Again, I'm even more surprised.
Addendum (2004-06-13):
One of the problems with multi threaded application: what percentage of memory management is done in what thread? Are threads really competing in memory requests or most of the time idle (waiting for the next job)?
You might not see that much speed up for 'idle mode' applications. And other benefits might be eaten by slow implementations and more global memory usage (that is what this test shows).
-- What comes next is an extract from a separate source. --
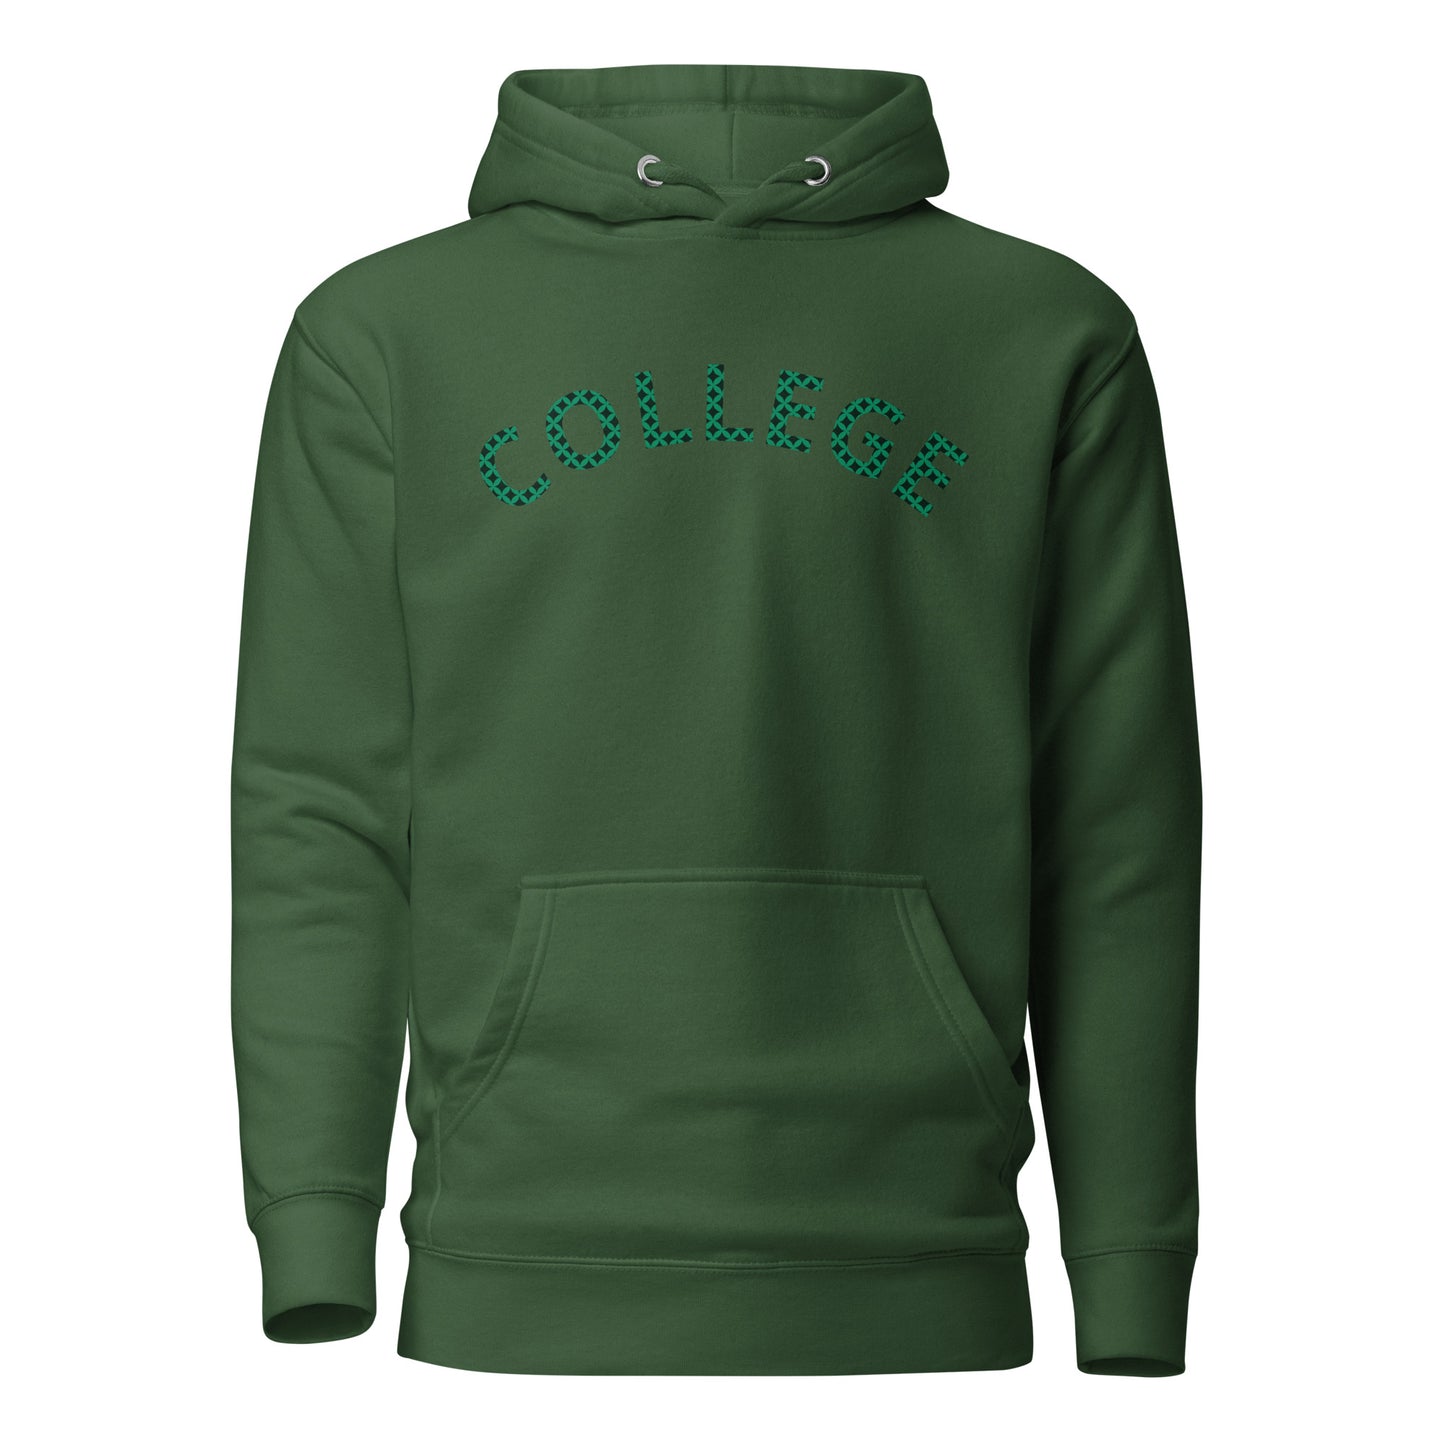 Mens Forest Green Hoodie that says 'College'  in green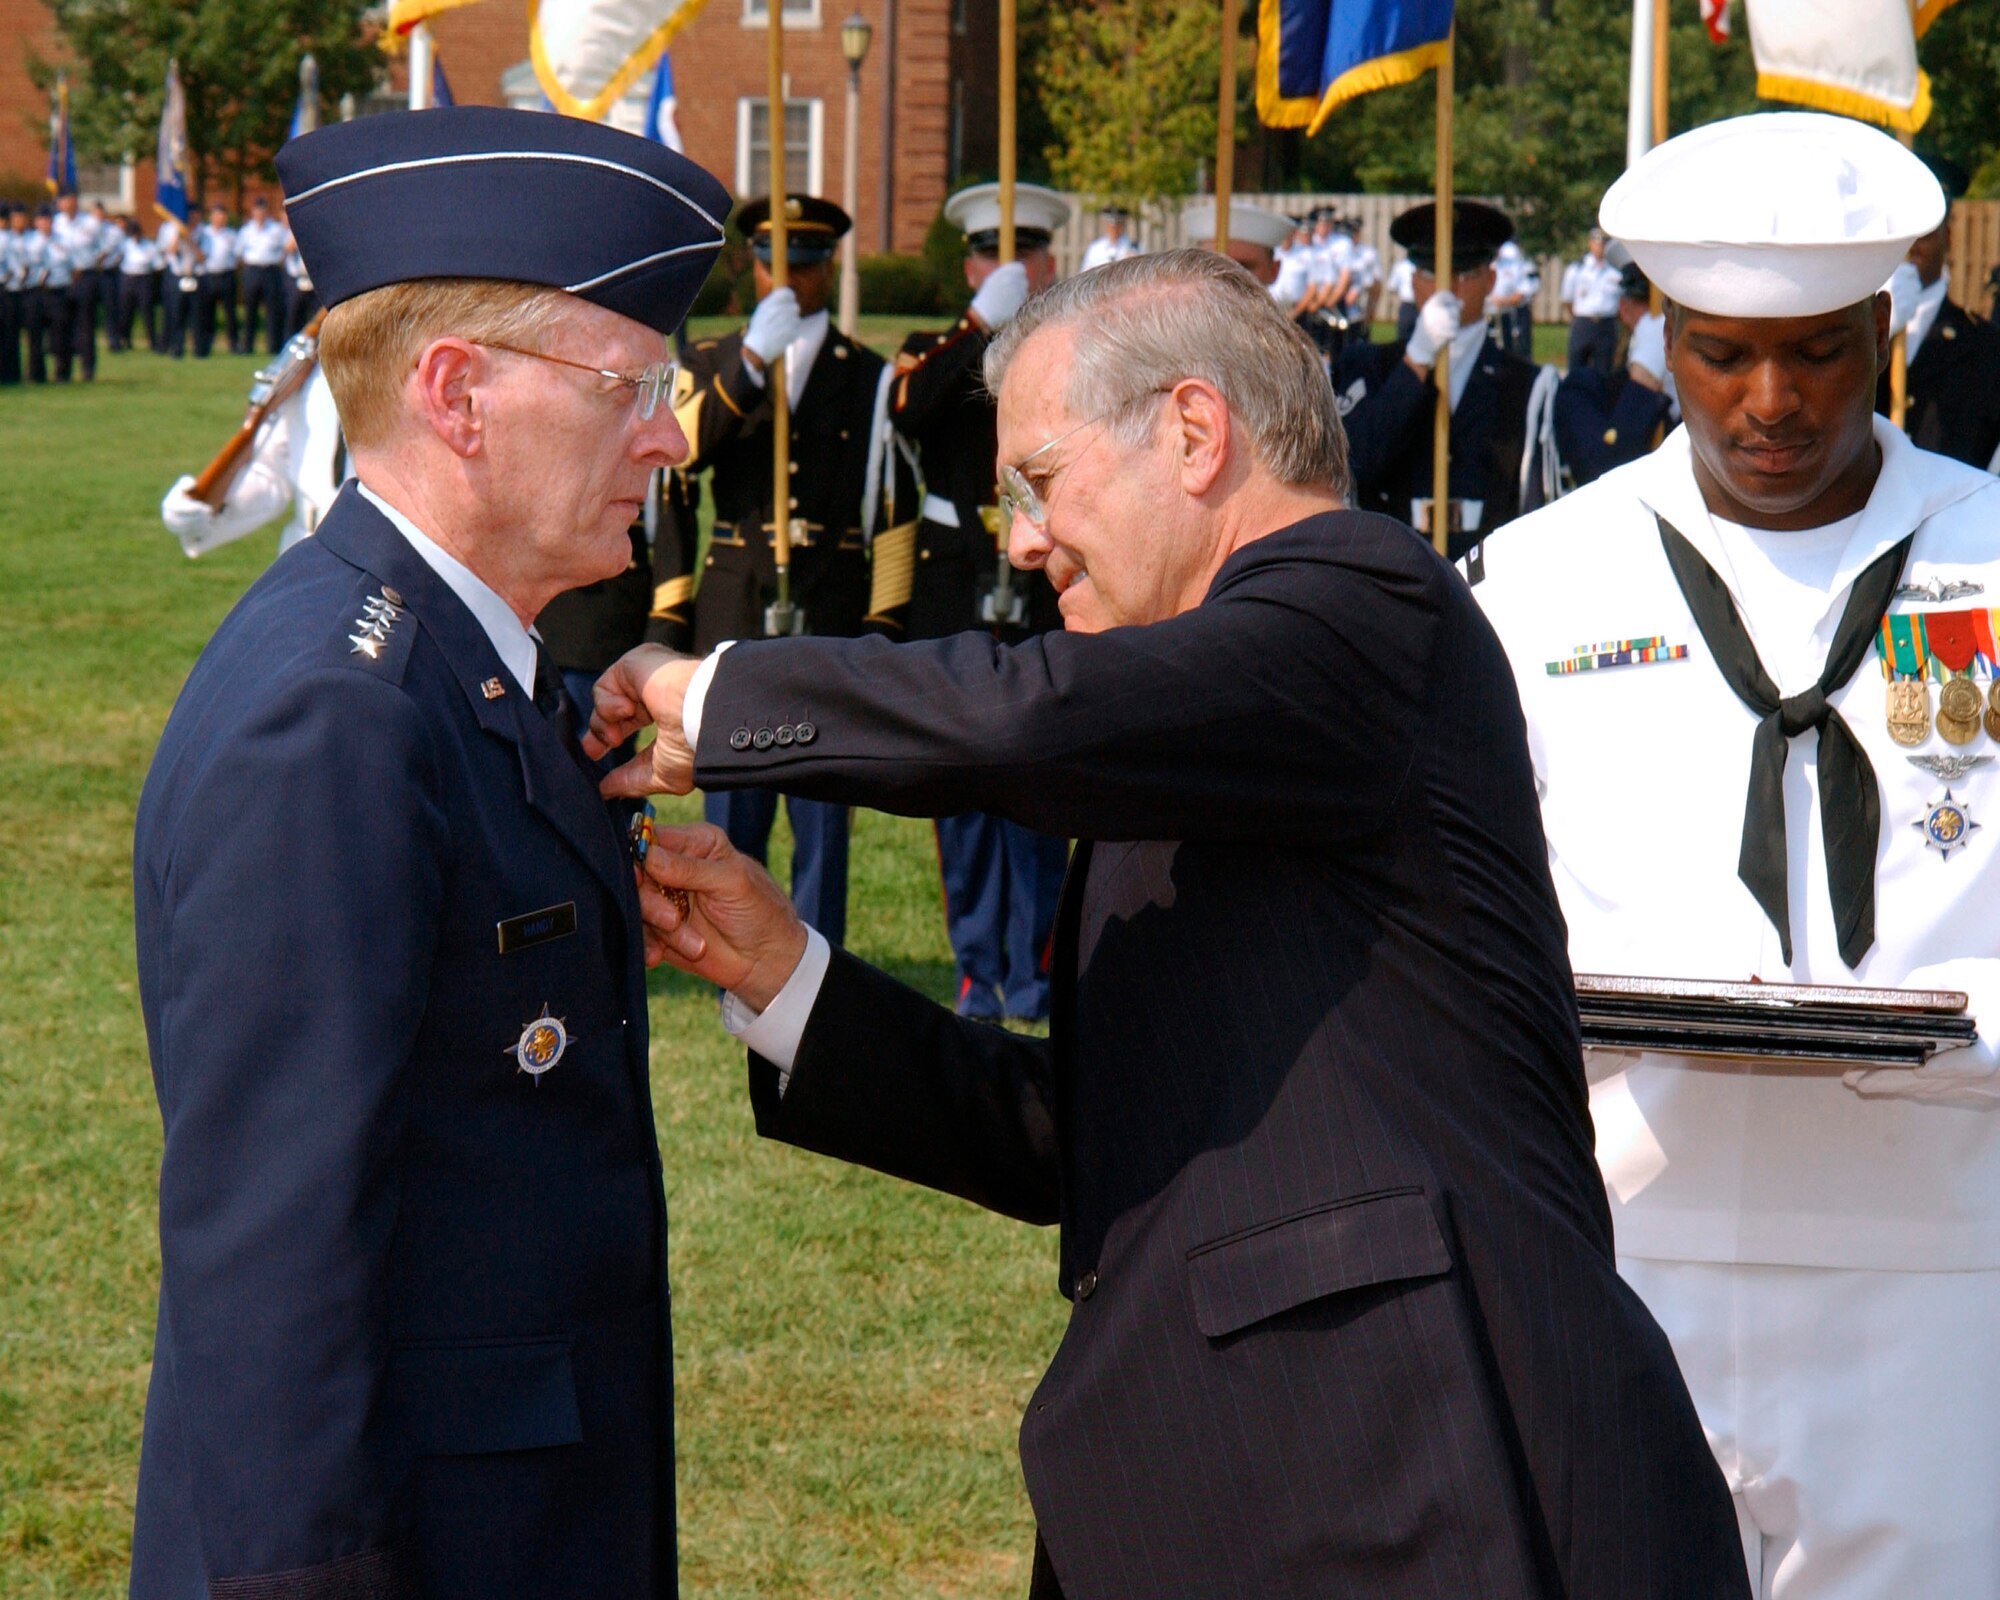 SCOTT AIR FORCE BASE, Ill -- Defense Secretary Donald H. Rumsfeld pins the Distinguished Service Medal on outgoing U.S. Transportation Command commander Gen. John W. Handy during the TRANSCOM change of command ceremony here Sept. 7.  Gen. Norton A. Schwartz assumed command.  (U.S. Air Force photo by Senior Airman David Clark)

So for a 'better' MM I expect to have at least the same performance and memory usage in single threaded situations the Borland MM has.
Explanations
The difference for QMemory is surprising. My only idea is, that it shows the different processor plattform, specially the huge L2 cache. (Yes, I double checked that all the executables are the right ones and run the test multiple times.)
After publishing I got some feed back from vendors.
- One general remark was that the memory managers only show their speed on a multi processor environment and applications with multiple threads. My test application is single threaded and was run on a single processor environment.
- Another note was that I don't publish detailed data about my test program. And it was concerned about 'eliminate all external influences'. I only can answer: all MMs had been tested with the same test program and had to live with the same external influences (whatever these influences are, system was doing nothing beside the test application, double running pure delphi shows the accuracy). So the calculation time for the non-memory-manager-related part is all the same for all tests. The difference is MM related.
The test application *is* memory stressing. What else should it be to test the quality of a MM?
Motivation
My 'data compiler' has a worse runtime. Some need about two to three days to process one file. So every speed up, even a small percentage of speed up is a benefit. So while running my small test 'data compilers' I had time to surf the net and look for those speed ups.
Btw.: algorithm changes had of course been the biggest benefit. The 'data compiler' started with estimated runtimes being around at multiple weeks.
The 'data compiler' has been tested with MemCeck (Vincent.Mahon) and Range/Stack/Var-checking.